_Data block_
--

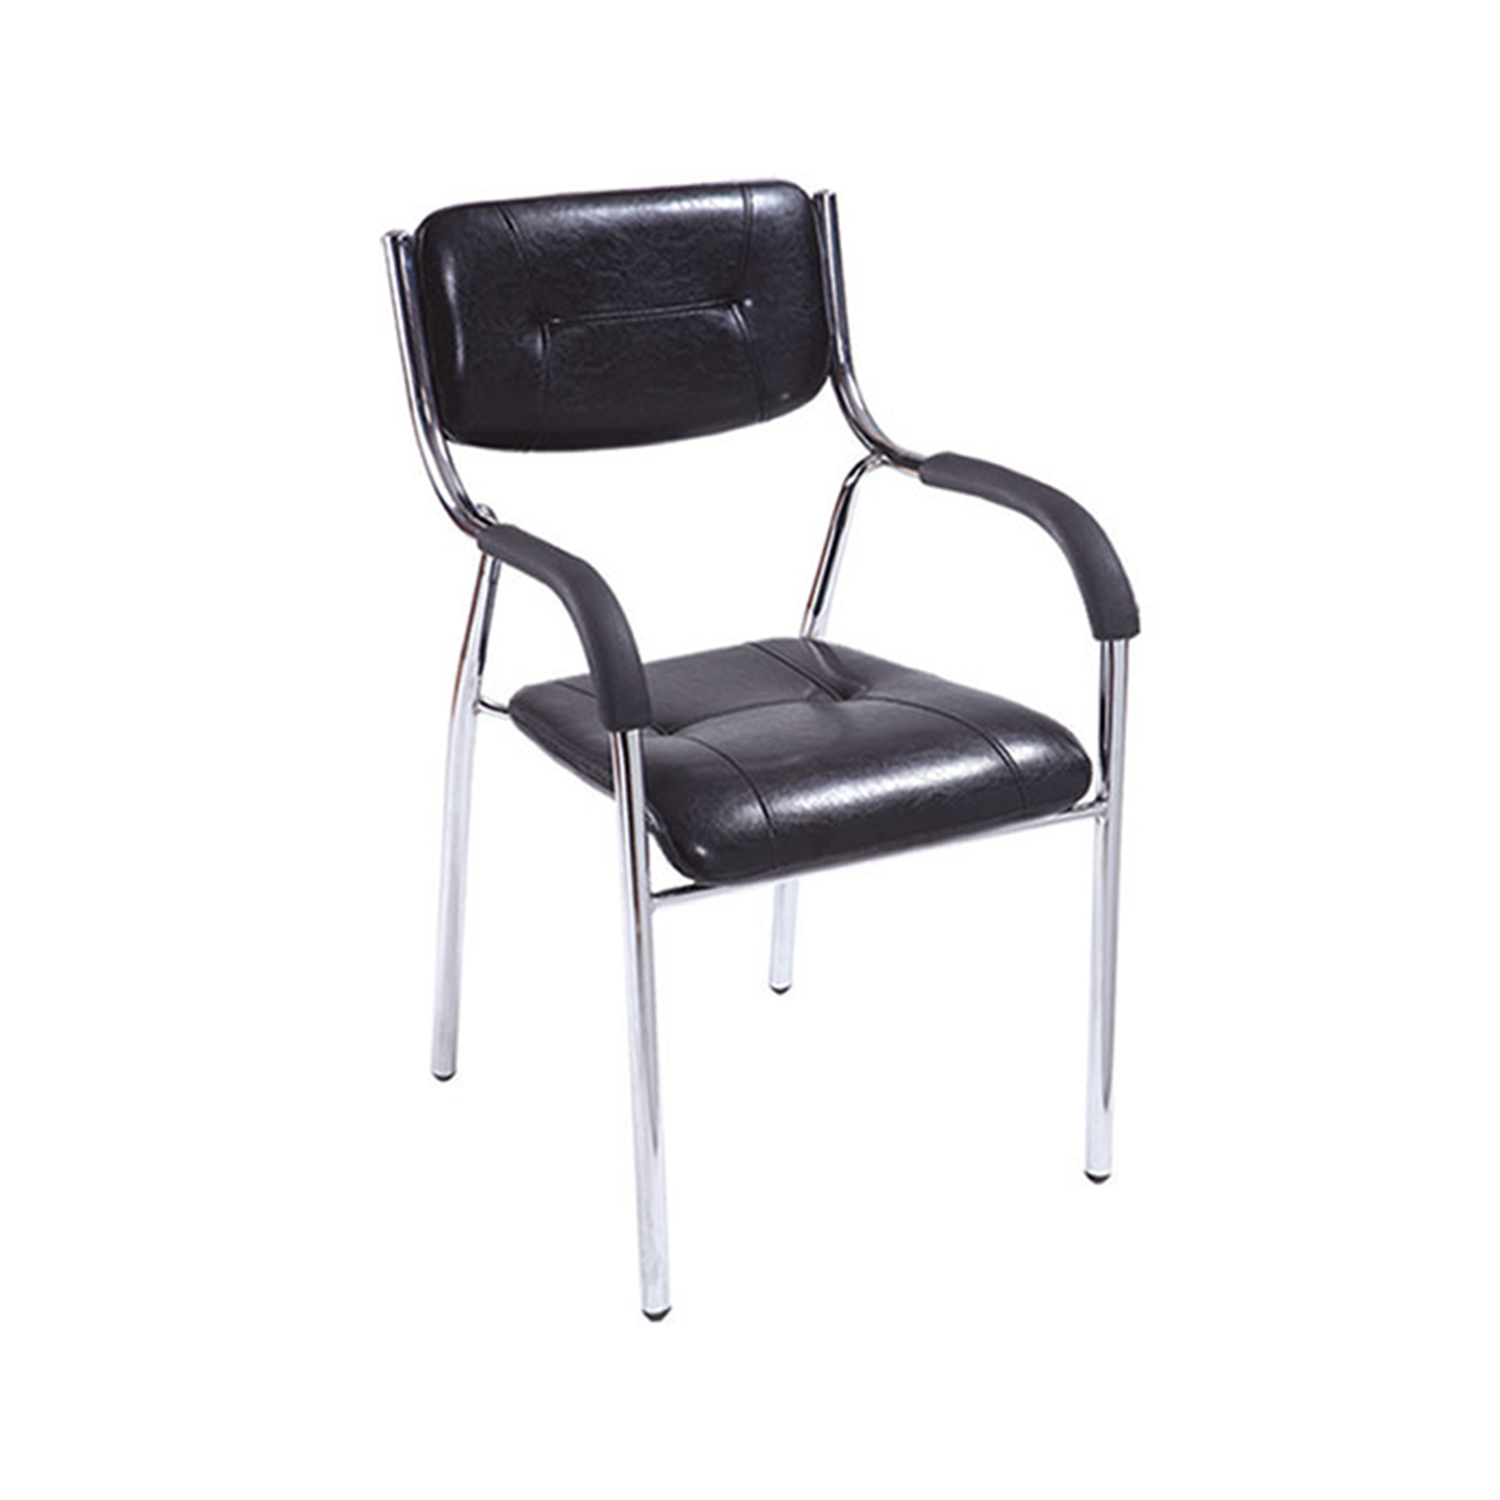 Chrome Plated Visitor Chair
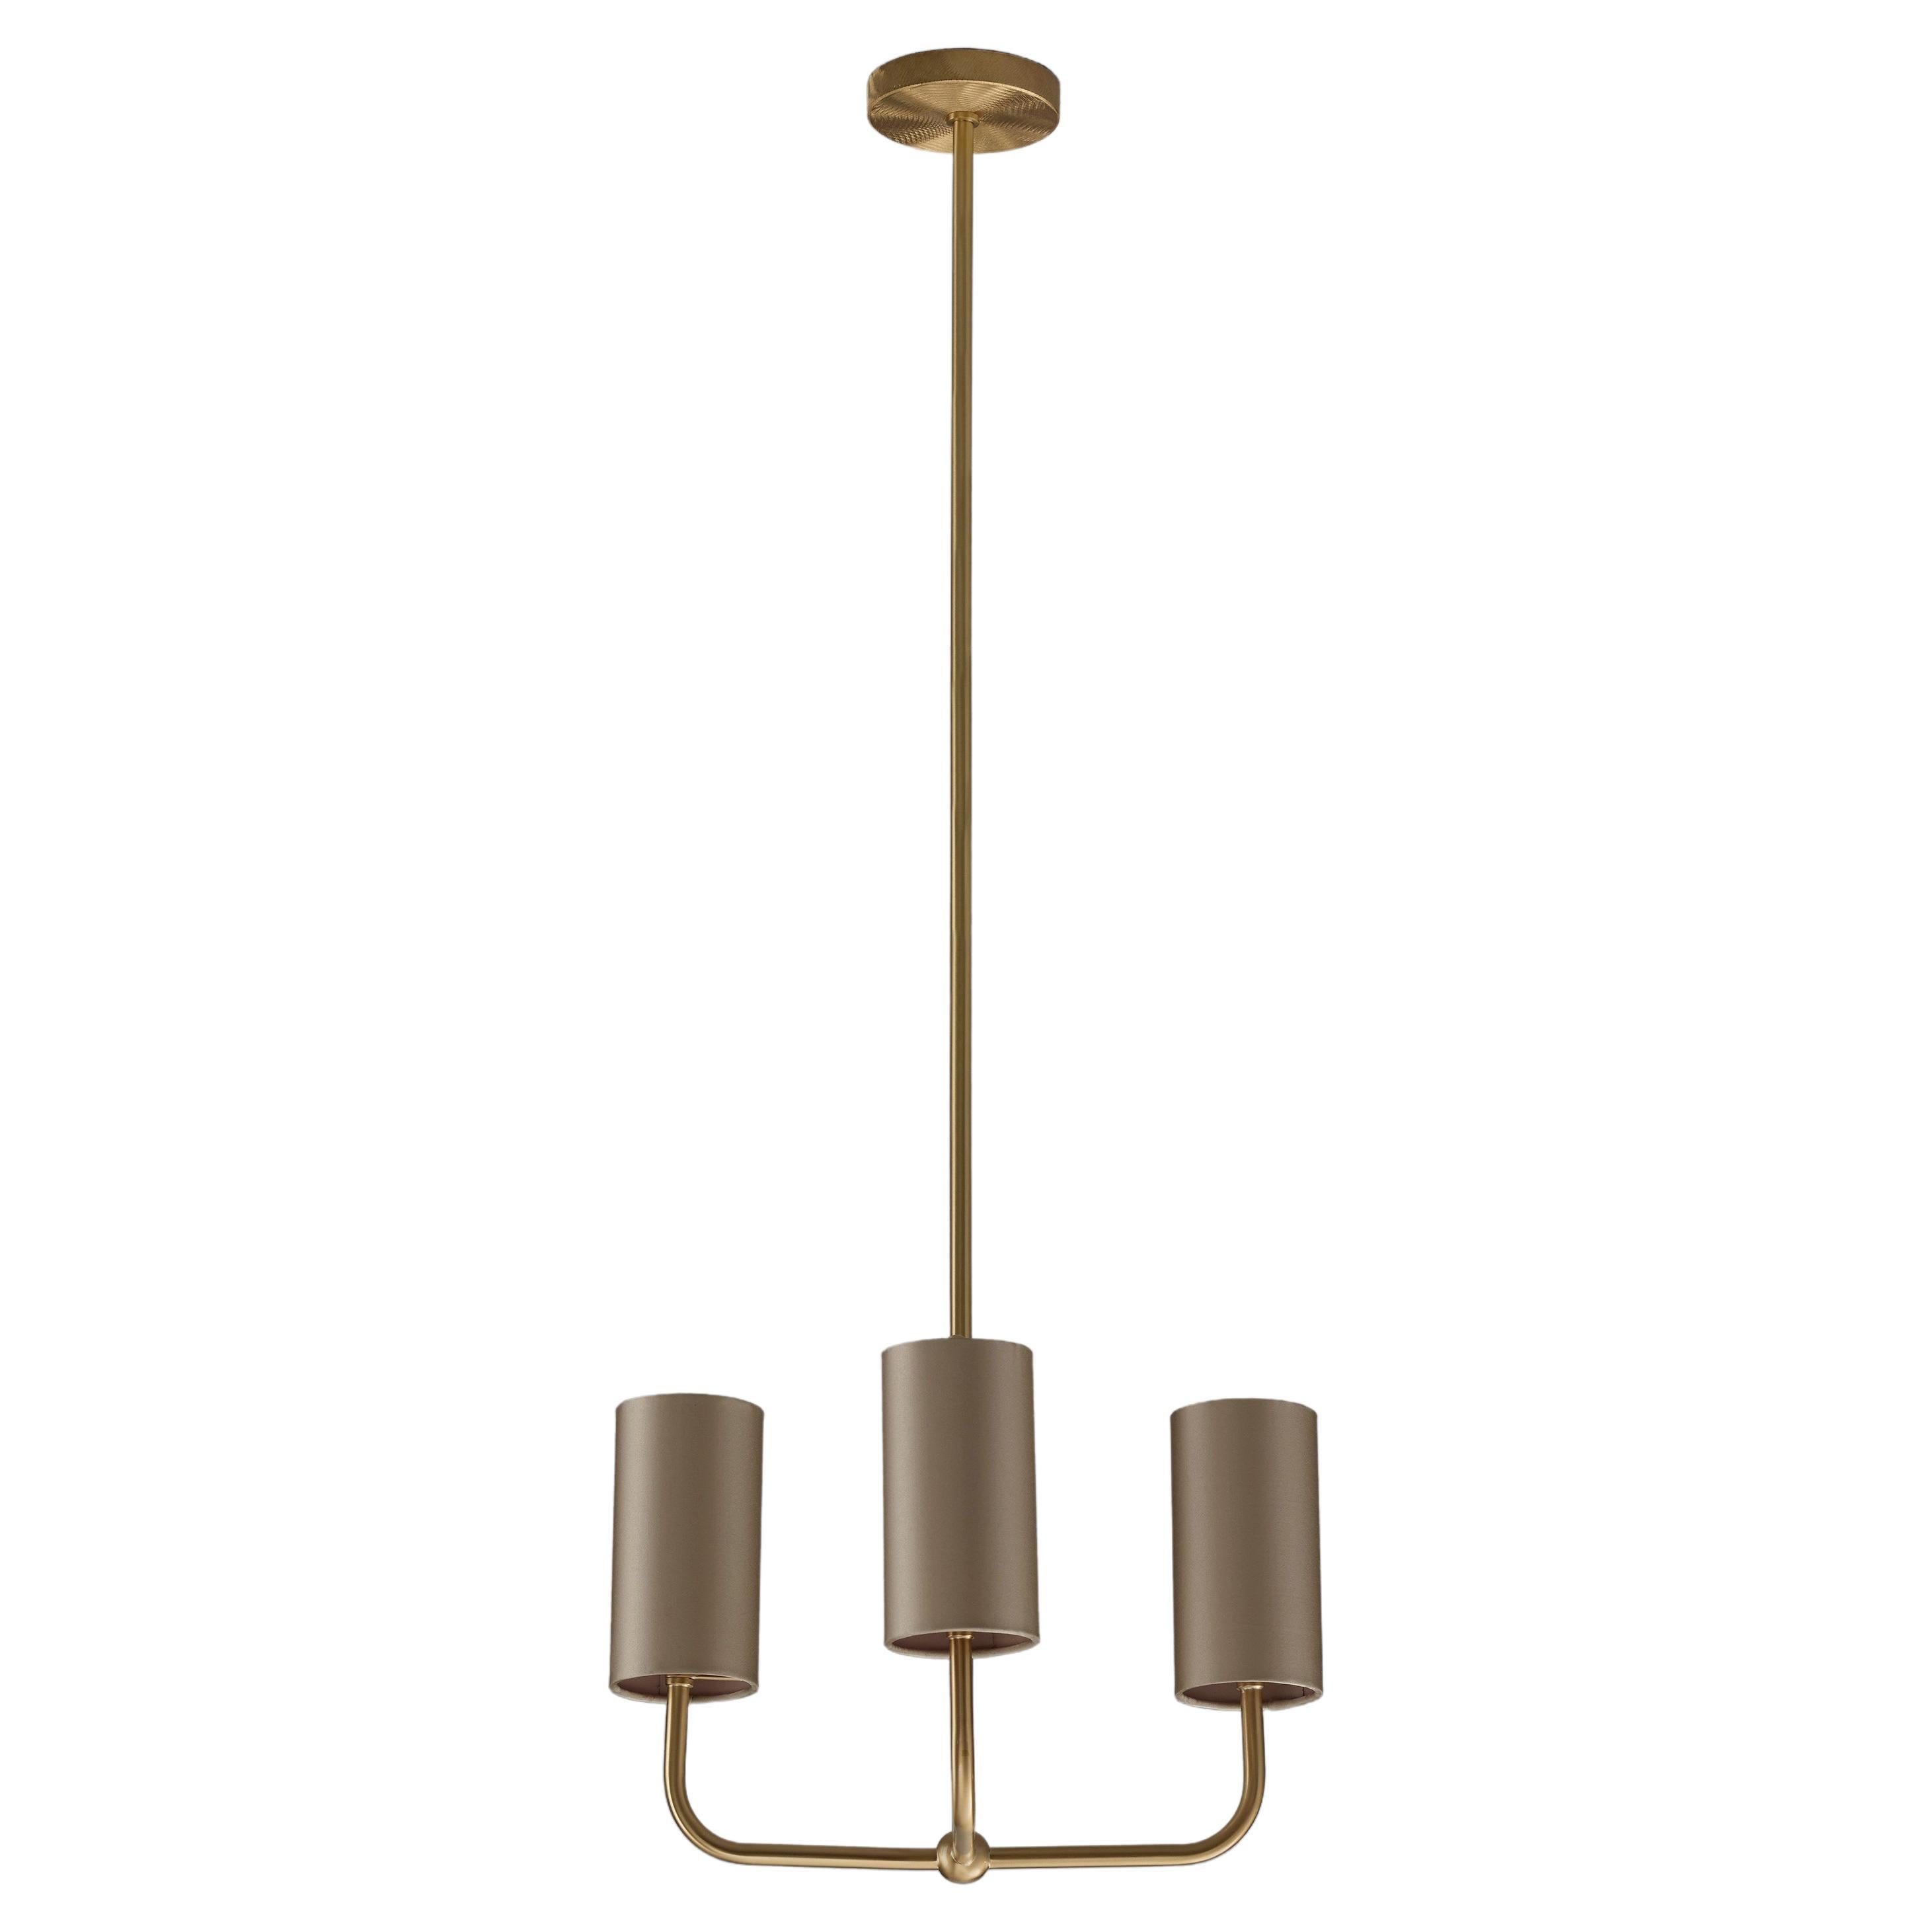 Imagin Classic Pendant Light 2 in Brushed Brass and Fabric Shade For Sale
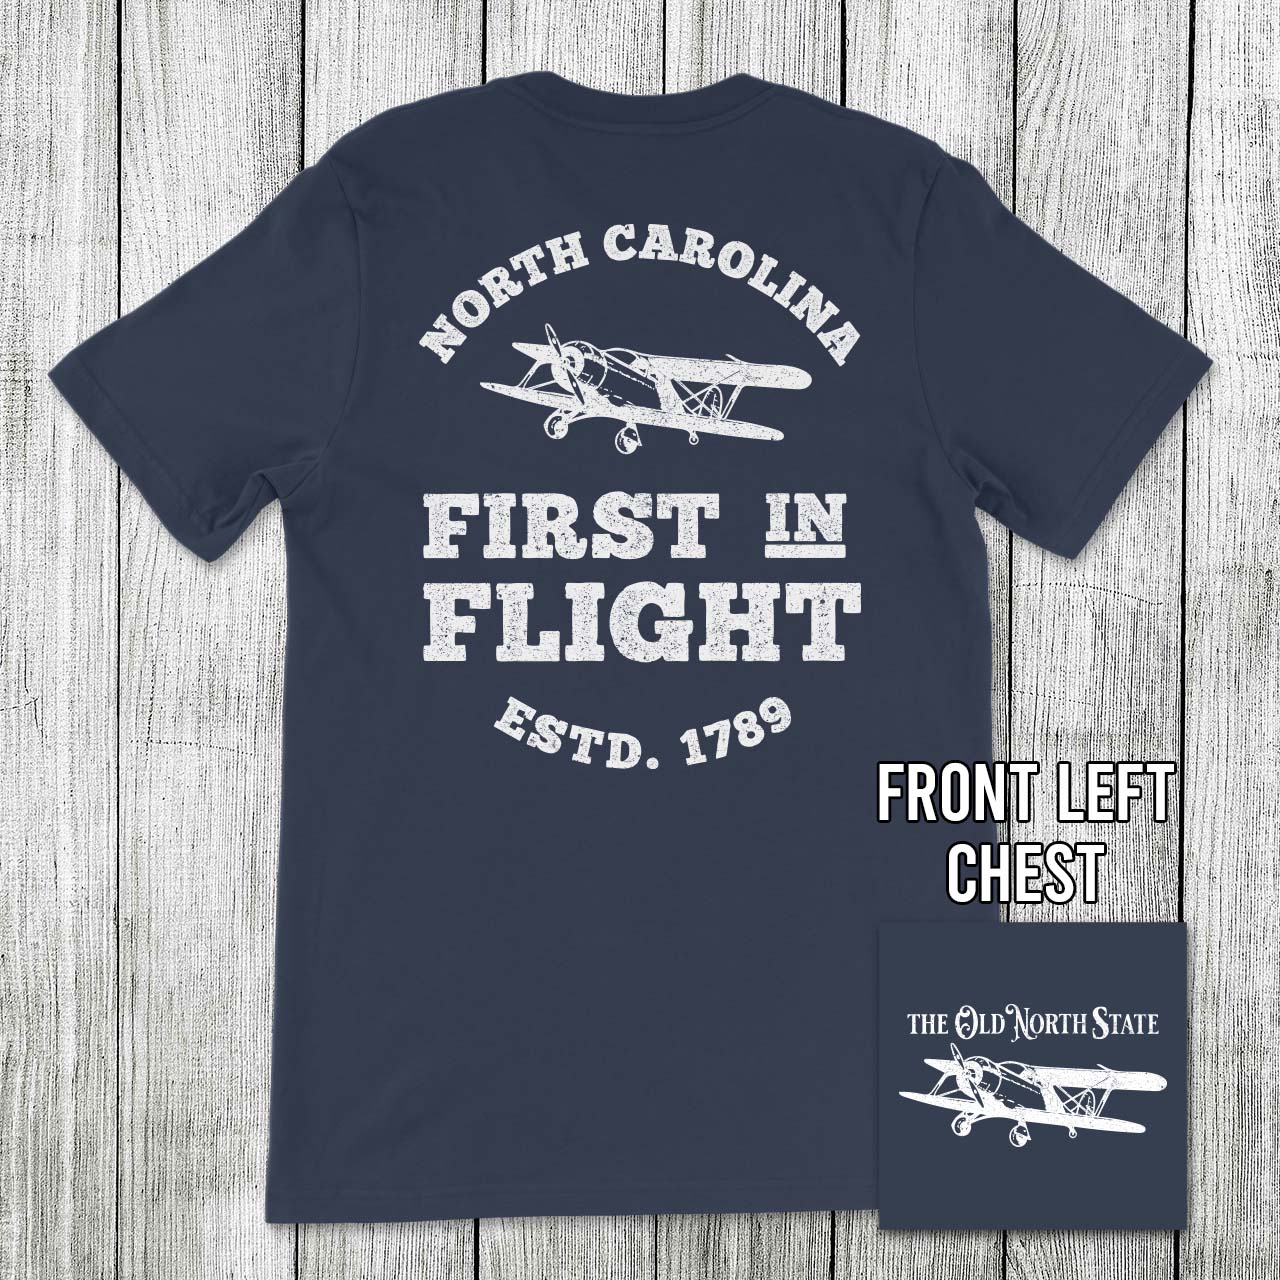 The Old North State - First in Flight

--

_Task instructions_
Would you please retype the material above exactly and leave out each picture?

_Result_
 Chrome Plated Visitor Chair
 Imagin Classic Pendant Light 2 in Brushed Brass and Fabric Shade For Sale
 The Old North State - First in Flight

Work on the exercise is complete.